We’ve talked to a number of folks who have been running Kubernetess in production for a couple of years now, and these clusters kind of come up organically within a larger organization in different areas, doing different things for the business, managed by different teams. Now that a little bit of time has passed, these organizations are realizing that, “Hey, we’ve got kind of a Kubernetes sprawl problem. We have this team over here on Amazon managing and running Kubernetes one way. We have a separate team managing and running Kubernetes a different way over here on a different kind of platform.”
I think anything that – anywhere where we can drive some consistency across the tooling, consistency across the base platforms would be useful. We also think that the minimal aspect of our system and some of the design decisions we’ve made around security and make it particularly useful in maybe a regulated environment. I think that that claim would hold true for any sort of special purpose operating system or minimal operating system designed for a specific task.

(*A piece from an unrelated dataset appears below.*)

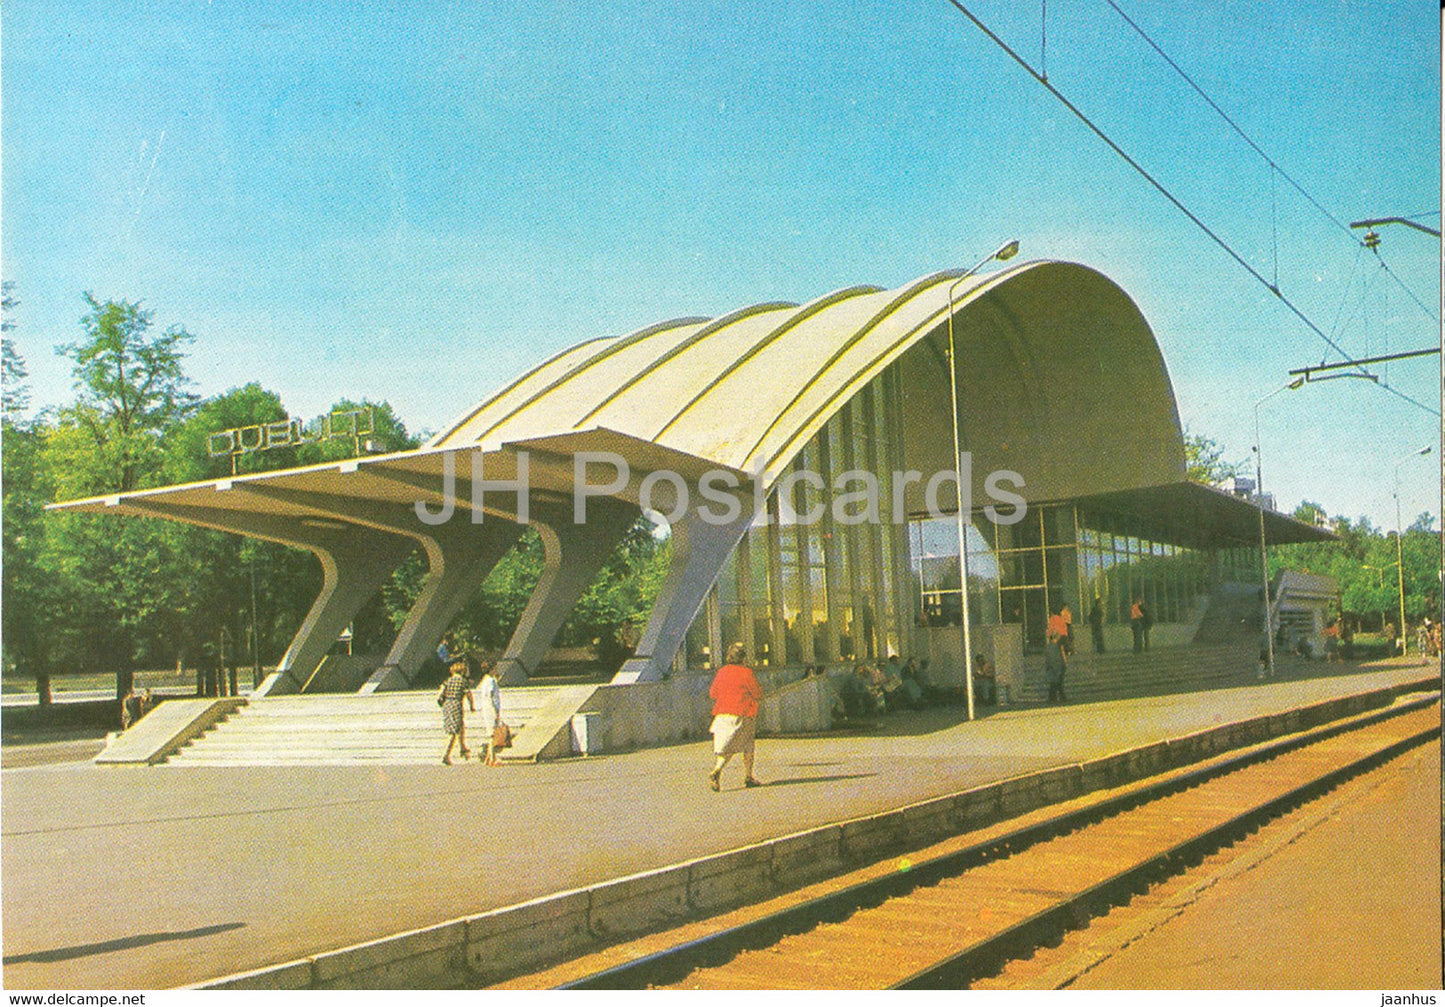 Jurmala - Dubulti railway station - 1986 - Latvia USSR - unused - JH Postcards
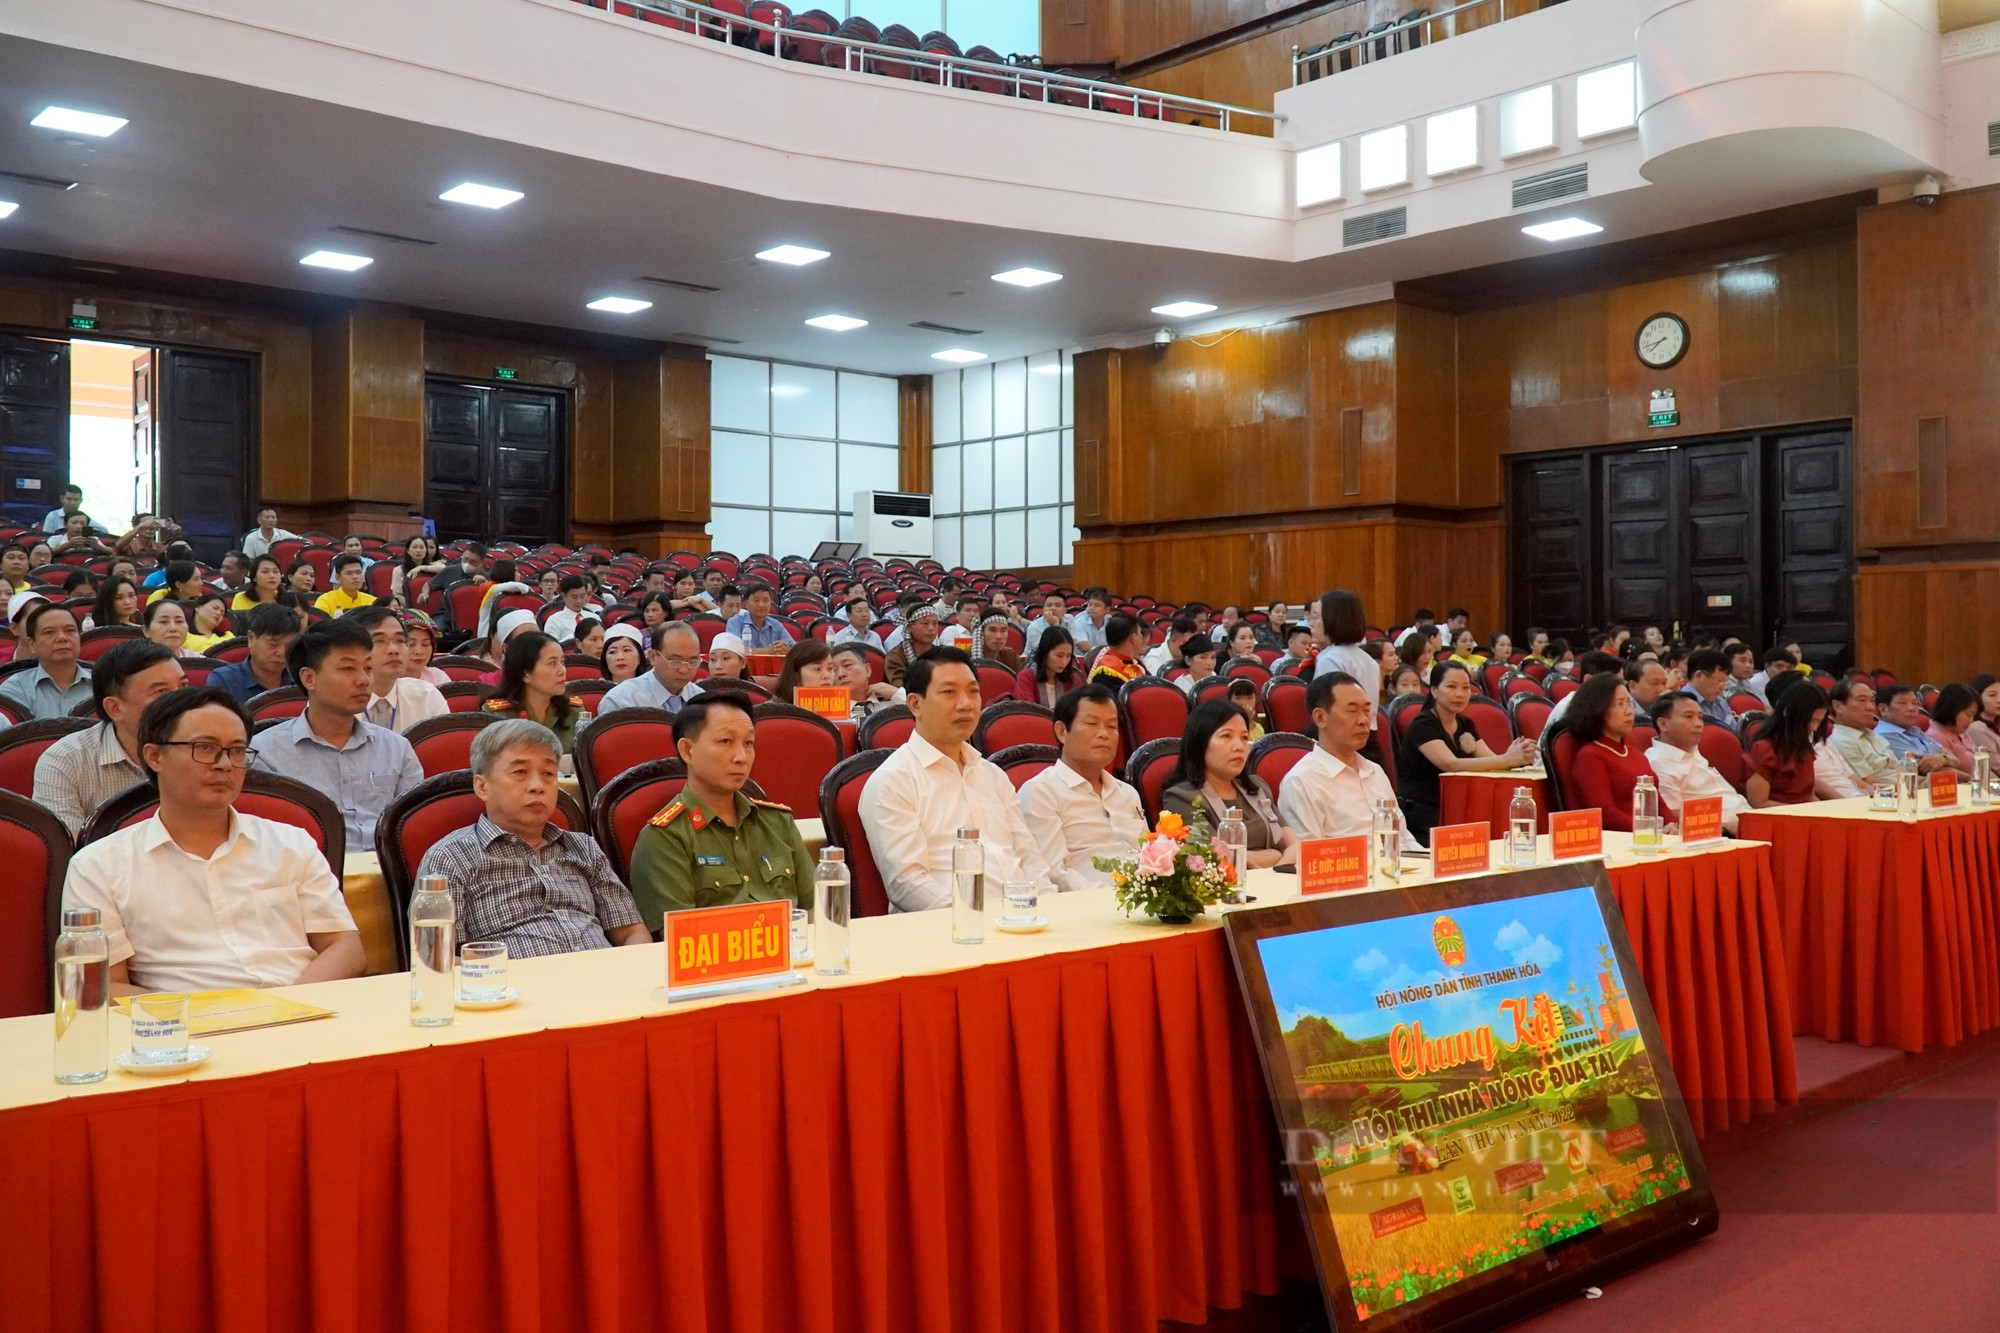 Chung kết Hội thi Nhà nông đua tài tỉnh Thanh Hóa năm 2022, Hội Nông dân huyện Đông Sơn đạt giải Nhất - Ảnh 1.

[00:22:35] BL: Interesting. Just thinking about a concept of a Kubernetes operating system, what’s next? I’m not asking what’s next from Talos, but given all the opportunity all the time and all the knowledge. What should we be doing that we’re not doing right now?
[00:22:49] AR: Specifically around operating systems or Kubernetes?
[00:22:52] BL: Well, you know what? You can start with operating systems. I mean, you can go to Kubernetes and then we’ll see if our lists match.
[00:22:57] AR: That’s a good question. Right off the bat, I’m going to say I don’t really know. I think this is new space. I think that we have a big task in front of us already in getting people to use these kinds of operating systems, hopefully not too big of a task. I’m hoping to see – Because you find these big companies, “Oh! We can’t do this. We can’t do that,” because getting a new OS is hard.
I think we first of all need to win people over on just these even more minimal operating systems beyond what CoreOS has done. Personally, I don’t know if I could answer that question honestly without just owing something.
[00:23:33] TG: I’ve got a thought here. One of the things that I’m really interested in beyond just Kubernetes and beyond just the operating system – what is computing going to look like in 5, 10, 15 years? I don’t know if Kubernetes is going to be around. I’m kind of a tech-cynic, right? I’ve seen a lot of fads in my career and things that pop up and are very popular for a couple of years and then sort of disappear. I don’t think Kubernetes is one of those. I think Kubernetes and the concepts and the layers of abstraction that Kubernetes has provided, all of that will remain useful and powerful in distant future whether or not it’s called Kubernetes or if it’s called something else, some new paradigm.
But what I’m really interested in is seeing what can we do with this idea of an API-managed OS? If you look at the general purpose operating systems out there, some aspects of the system might expose an API. But for the most part, you’re still interacting and interfacing with this system like you were 30 years ago, 35, 40 years ago even. That’s fine. What works works, but everything else today has an API. Kubernetes has a powerful and extensible API and I think that your operating system should have something similar, something comparable, something that you can interact with using the same tools and the same processes and the same ideas that you can at the top of the stack and move some of those concepts down to the host OS level where we’re talking about today.
[00:24:51] CC: This brings up a point that I’m so curious about, not only the idea of having a Kubernetes operating system, but any idea that is new that you were just talking about, Tim, is – So what works works. For example, every year or every couple of years, I am evaluating a new code editor or I am evaluating a new note taking app, or do-to-list app, those three things. I’m continuously finding something to reevaluate because what I have has never worked for me just the way I think. Actually, recently I found a couple of things that are really good.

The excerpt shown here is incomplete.